Служение начиналось непросто. Я был достаточно взрослым человеком, и церковь не являлась для меня родным домом, как например для детей многих священников, которые с младых ногтей помогают родителям и знают все тонкости. Пришлось преодолеть определенный культурный барьер, изучить строй службы. Зато было легче в другом плане — я не испытывал зажима и страха публичности. Многим семинаристам перед принятием сана трудно выйти на большую аудиторию, а люди отмечают особенности «работы» священника, любят, когда батюшка служит красиво. Это важно. Каков поп — таков и приход. В один храм люди стремятся, несмотря на то что он не самый богатый и красивый, а в другой — нет. Диаконом быть легче, у священника более тесный контакт с людьми. Он принимает грехи на исповеди, разрешает, прощает, совершает требы — освящает квартиры, служит молебны.

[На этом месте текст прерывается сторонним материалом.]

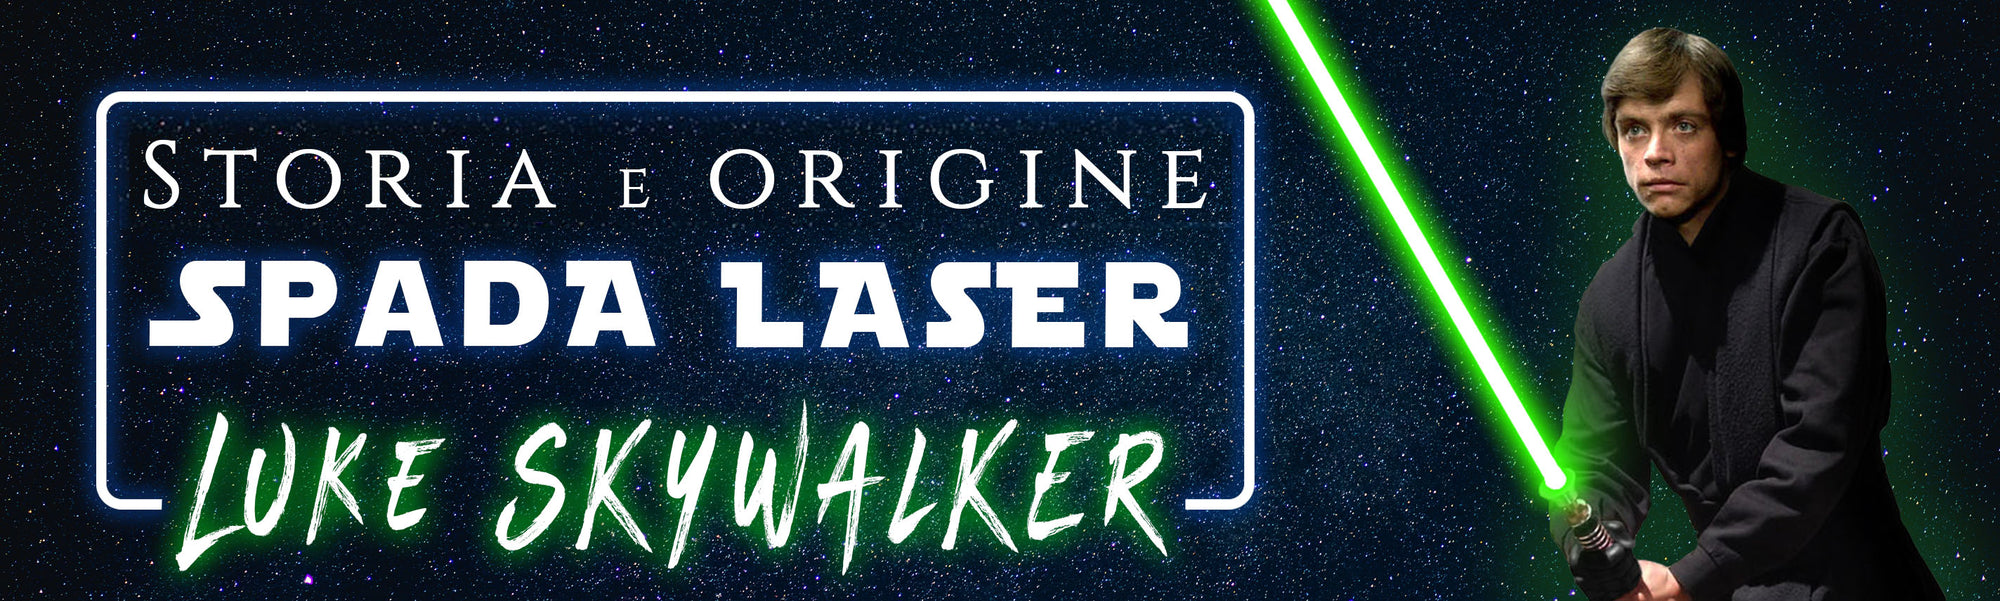 Spada laser verde di Luke Skywalker

После Антиохийского подворья служил в церкви Малого Вознесения напротив консерватории. Когда-то там был замечательный настоятель, отец Геннадий Огрызков (я его не застал), и к нему очень тянулись люди. И потом по привычке захаживали разные знаменитости, например Юрий Любимов. Он вообще был «особым» прихожанином, помогал священникам, кадило подавал. Как-то зашел в алтарь в стихаре. Посмотрел на меня — не думаю, что узнал, наверное, почувствовал, что надо вступить в диалог. Я сказал:
— В свое время поступал к вам, Юрий Петрович. Вы меня не взяли в Театр на Таганке.
— И хорошо, — не смутился он, — то, чем вы сейчас занимаетесь, гораздо лучше!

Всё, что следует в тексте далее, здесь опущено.